The processes and logic flows described in this specification can be performed by one or more programmable processors, also referred to as data processing hardware, executing one or more computer programs to perform functions by operating on input data and generating output. The processes and logic flows can also be performed by special purpose logic circuitry, e.g., an FPGA (field programmable gate array) or an ASIC (application specific integrated circuit). Processors suitable for the execution of a computer program include, by way of example, both general and special purpose microprocessors, and any one or more processors of any kind of digital computer. Generally, a processor will receive instructions and data from a read only memory or a random access memory or both. The essential elements of a computer are a processor for performing instructions and one or more memory devices for storing instructions and data. Generally, a computer will also include, or be operatively coupled to receive data from or transfer data to, or both, one or more mass storage devices for storing data, e.g., magnetic, magneto optical disks, or optical disks. However, a computer need not have such devices. Computer readable media suitable for storing computer program instructions and data include all forms of non-volatile memory, media and memory devices, including by way of example semiconductor memory devices, e.g., EPROM, EEPROM, and flash memory devices; magnetic disks, e.g., internal hard disks or removable disks; magneto optical disks; and CD ROM and DVD-ROM disks. The processor and the memory can be supplemented by, or incorporated in, special purpose logic circuitry.

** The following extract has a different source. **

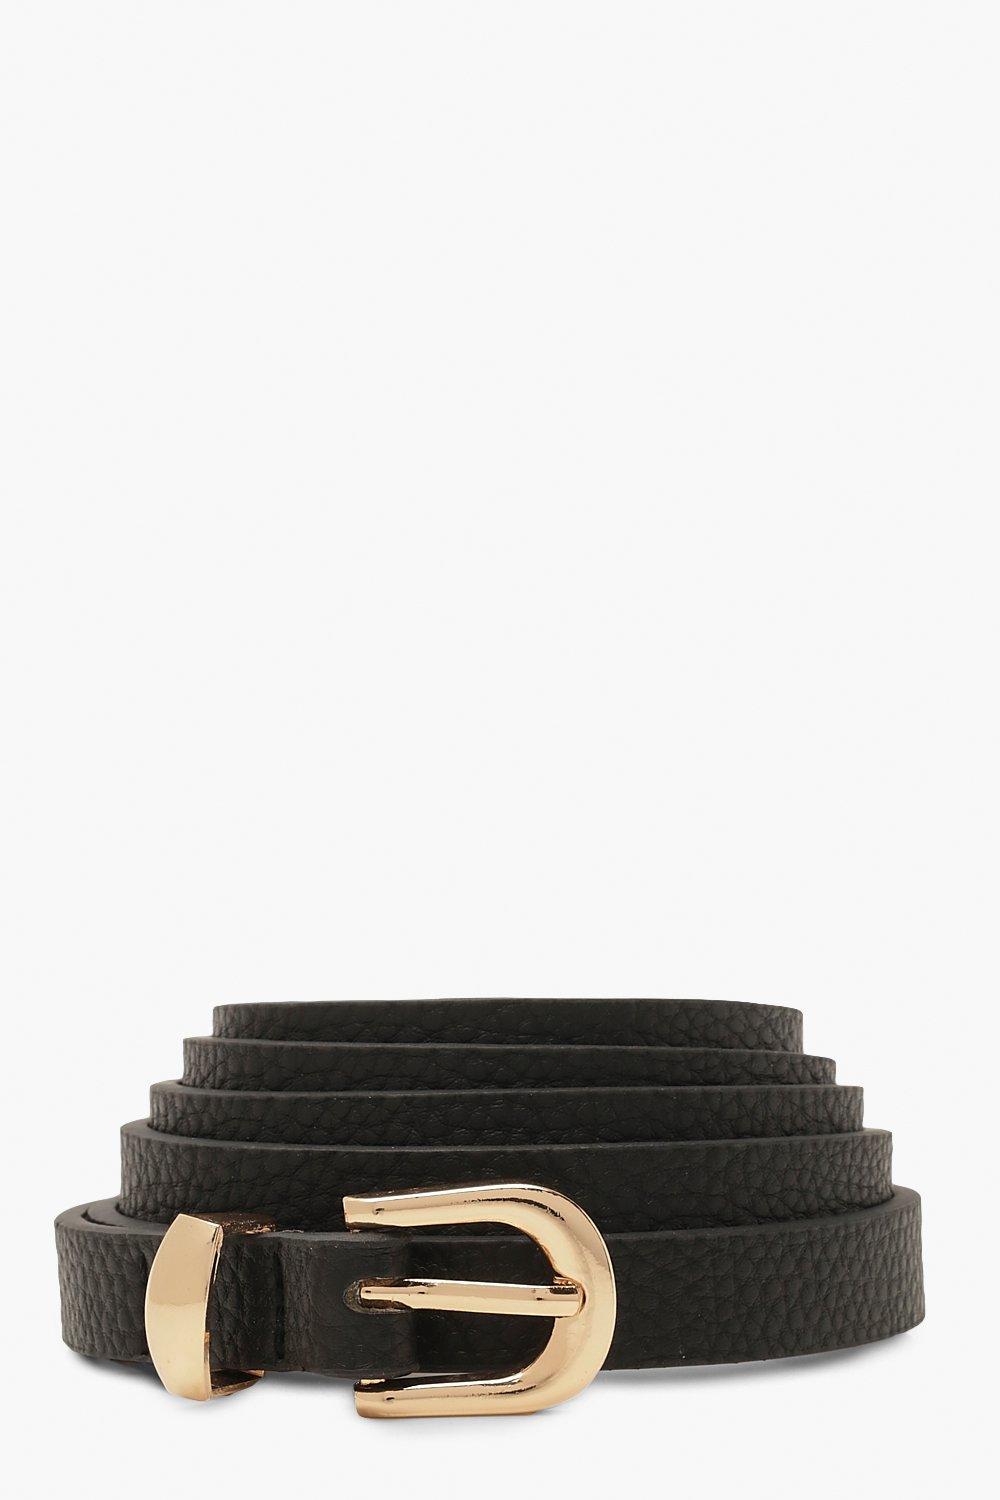 Plus Skinny Belt - Black - ONE SIZE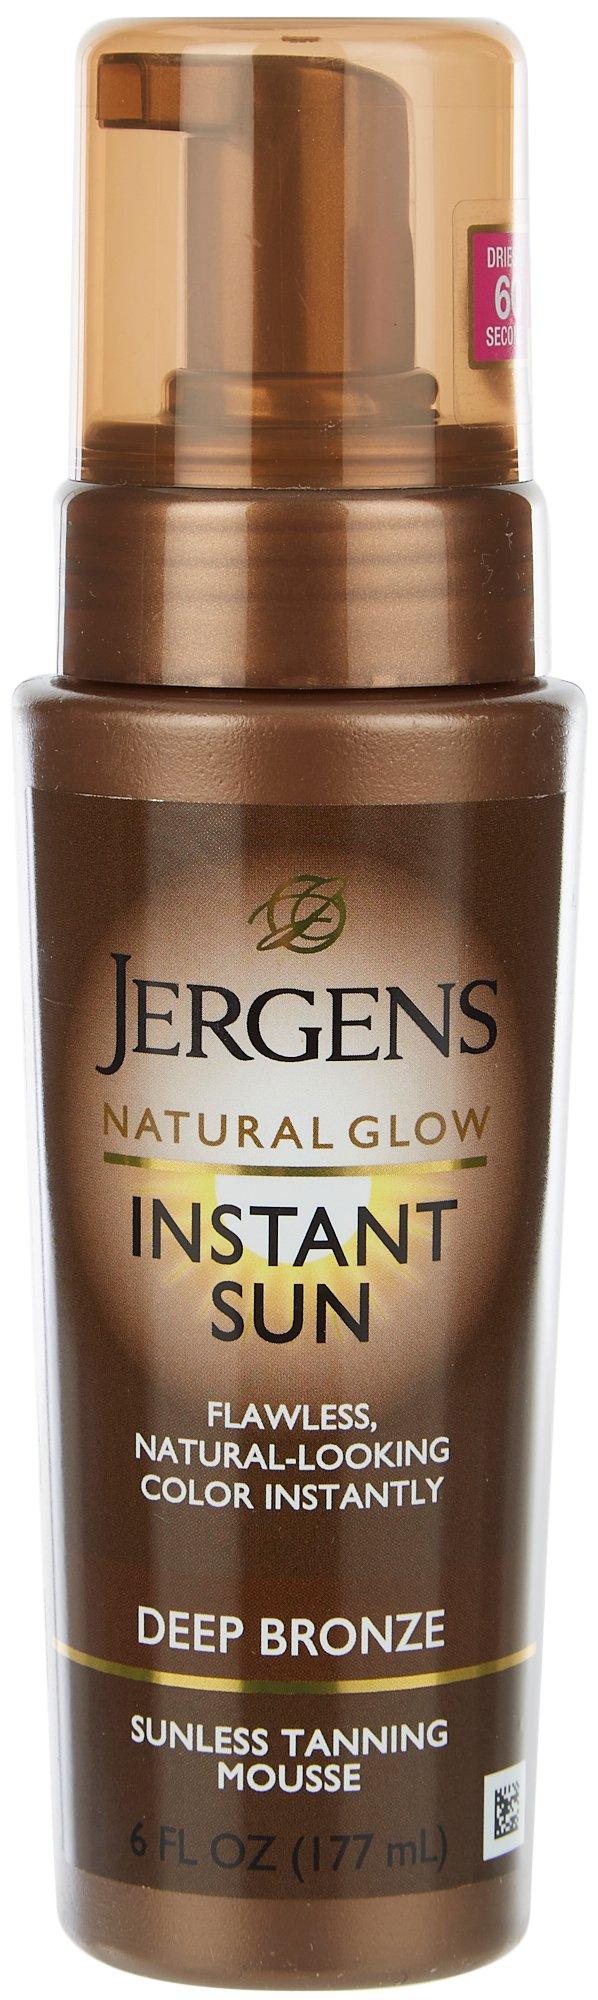 Jergens Natural Glow Deep Bronze Sunless Tanning Mousse

To provide for interaction with a user, one or more aspects of the disclosure can be implemented on a computer having a display device, e.g., a CRT (cathode ray tube), LCD (liquid crystal display) monitor, or touch screen for displaying information to the user and optionally a keyboard and a pointing device, e.g., a mouse or a trackball, by which the user can provide input to the computer. Other kinds of devices can be used to provide interaction with a user as well; for example, feedback provided to the user can be any form of sensory feedback, e.g., visual feedback, auditory feedback, or tactile feedback; and input from the user can be received in any form, including acoustic, speech, or tactile input. In addition, a computer can interact with a user by sending documents to and receiving documents from a device that is used by the user; for example, by sending web pages to a web browser on a user's client device in response to requests received from the web browser.
A number of implementations have been described. Nevertheless, it will be understood that various modifications may be made without departing from the spirit and scope of the disclosure. Accordingly, other implementations are within the scope of the following claims.